EUの精製能力は長年縮小し続けている。2009年から2024年の間に、域内で最大30の製油所が閉鎖され、さらに2025年には日量40万バレルの能力が閉鎖される予定であると、Argus Mediaが報じている。ブリュッセルのますます厳格になる排出削減規制は精製業者のコストを大幅に引き上げ、貿易指向の連合を世界的な供給ショックにはるかにさらされやすいものにしている。
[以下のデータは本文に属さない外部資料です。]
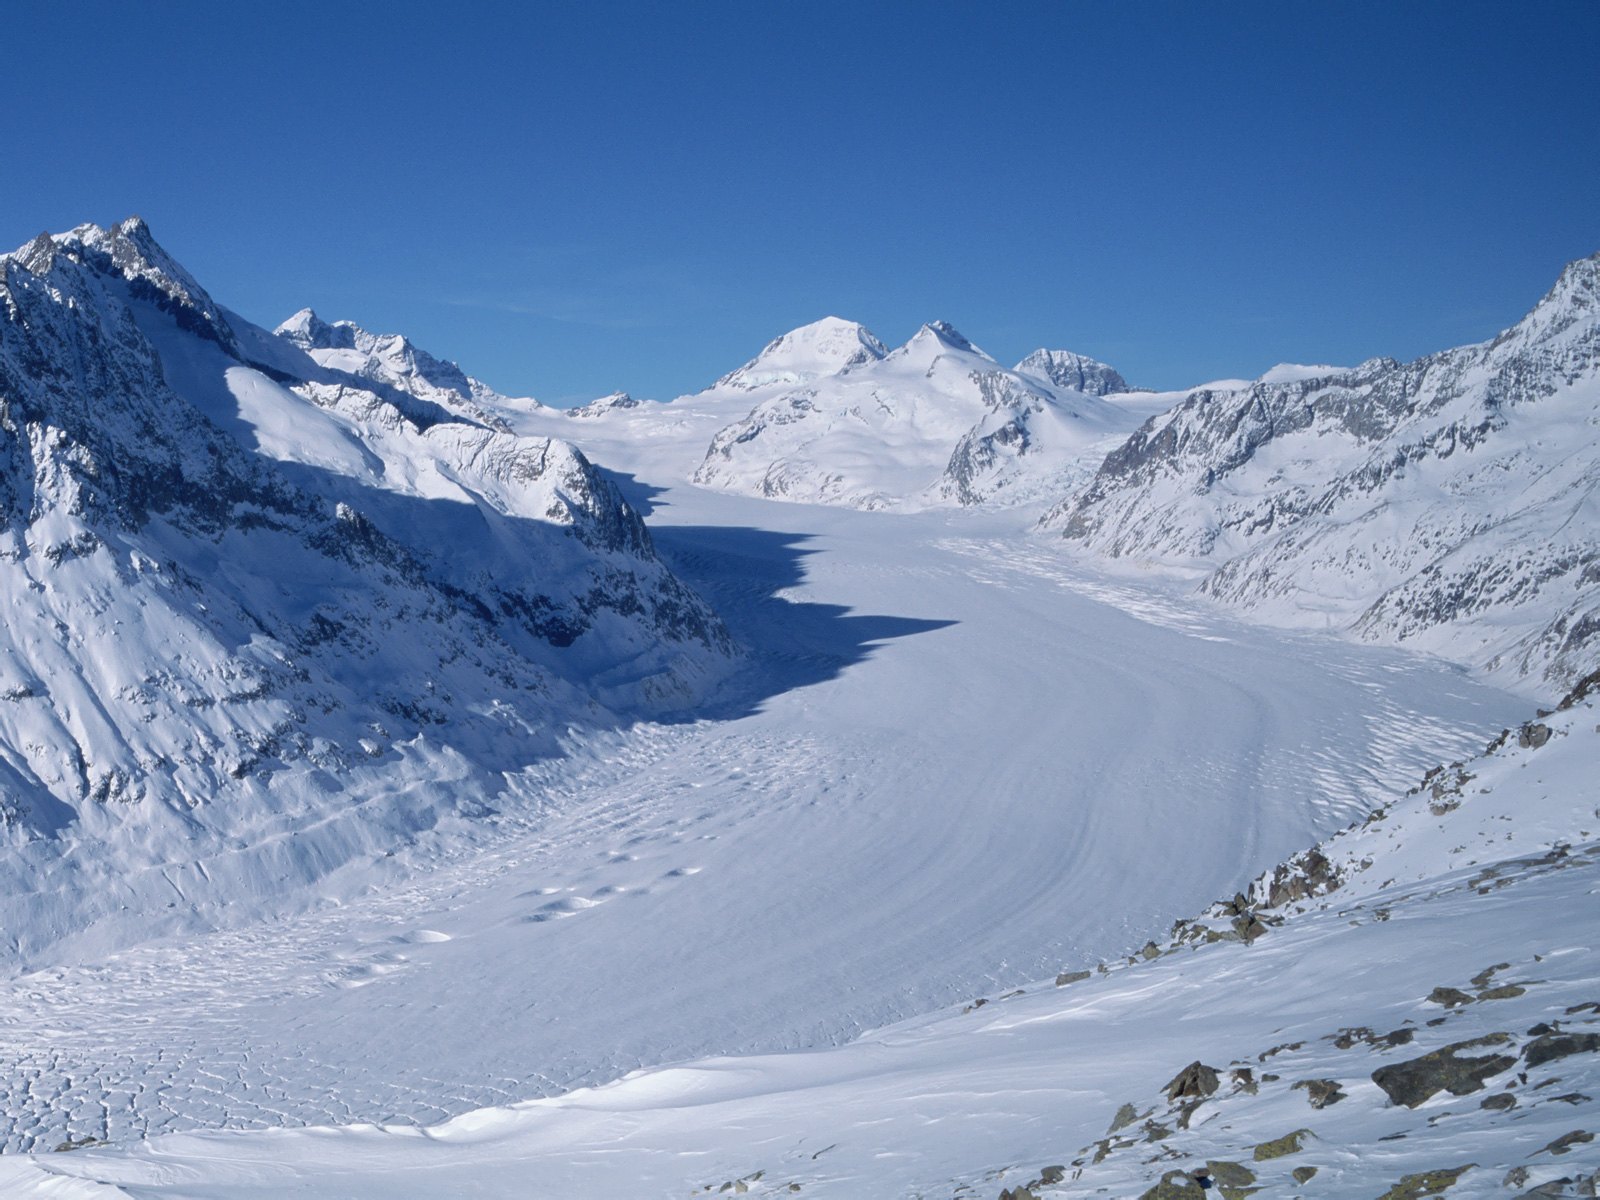 Previous, Winter - Switzerland Snow wallpaper

「欧州には途方もないディーゼル問題がある」と、コンサルティング会社FGE NexantECAの精製製品部門責任者であるEugene Lindellはブルームバーグに語った。「おそらく極めて高い価格水準を目にすることになるという意味で、状況は厳しくなるだろう」。Lindellによれば、そのような高価格は消費財からサービスに至るあらゆるものに波及し、最終的には政治的圧力へと転化する。
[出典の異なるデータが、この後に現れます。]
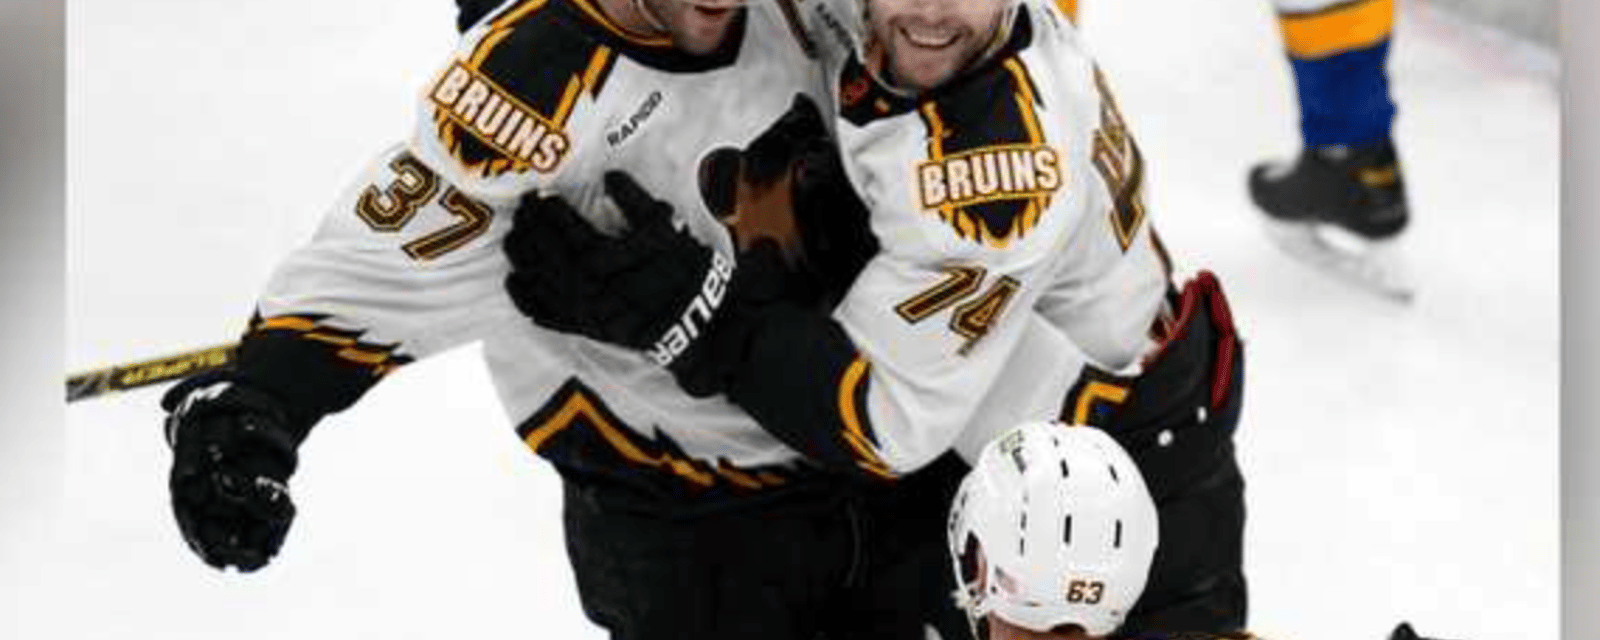 Bruins have tied historic NHL mark!

Rabobankのシニア・エネルギー・ストラテジストであるJoe DeLauraは、今月初めにウォール・ストリート・ジャーナルに対し次のように述べた。「現在、ペルシャ湾岸の製油所はどこも製品を出荷できないため、ディーゼル供給の逼迫状態にある。原油は単なる原料にすぎないが、ディーゼルは産業経済を動かすすべてである。農業のすべて、建設のすべて、鉱業のすべて。また、供給と流通の側面のすべてがディーゼルに依存している。」

大手石油会社もまた、原油の不足よりもはるかに深刻な燃料供給の逼迫を警告している。しかし、これは政策対応ではなく批判を招く結果となった。トランプ大統領はエクソンとシェブロンに対し、過剰な利益を上げており、その一部を消費者に還元すべきだと述べたと、OilPriceが報じた

記録的な米国のディーゼル輸出水準は、国内にコストをもたらしている。ブルームバーグの報道によると、輸出量は過去最高に達する前の5週間連続で日量150万バレルを維持していた。精製所はこれ以上ディーゼル生産を増やすことができないため、燃料販売業者は在庫を取り崩してきた。米国のディーゼル在庫は、ピーク需要期が目前に迫り、精製所のメンテナンス期も近づく中、1996年以来の最低水準に落ち込んでいる。

価格の動きは供給状況の深刻さを浮き彫りにしている。欧州では、ディーゼル価格が6月中旬以降40%急騰したのに対し、原油価格は同期間にわずか5%の上昇にとどまった。ディーゼル価格と原油価格の差が拡大していることは——業界では「クラックスプレッド」として知られる——精製能力が原油の入手可能性ではなく、制約要因となっていることを示している。EUのディーゼル在庫は3月以降30%縮小しており、同連合はロシア産燃料への直接のアクセスだけでなく、第三国でロシア産原油から精製された燃料へのアクセスも断たれている。

この動態により、欧州の輸入業者は米国の供給にさらに依存することになるが、アナリストは米国の輸出量が無期限に記録的な水準を維持できないと警告している。「メキシコ湾岸の精製業者が北西ヨーロッパへのディーゼル輸出を無期限に続けることはできない。彼らには彼ら自身の問題がある」と、Kplerのクリーン石油製品部門責任者であるZameer Yusofはブルームバーグに語った。

アジアも独自の供給問題を抱えており、欧州の買い手とディーゼルを分け合う可能性は低い。「中東の精製能力の喪失から完全には回復しておらず、ロシアの能力も失った」と、Sparta Capitalの石油アナリストであるJune Gohは述べた。「欧州の苦境は差し迫った危機ではなく、今後に向けたものである。」

エネルギー問題をさらに複雑にしているのは、イラン戦争が世界のLNG市場を混乱させたことであり、EUの天然ガス貯蔵量は季節平均を大きく下回っている。アナリストは冬までにガス不足が生じる可能性があると警告しているが、買い手はLNG価格の下落を待ち続けており——現在の環境ではそれは起こりそうにない。

大規模なエネルギー輸入国にとって、世界的なディーゼル供給の短期的な改善は期待薄である。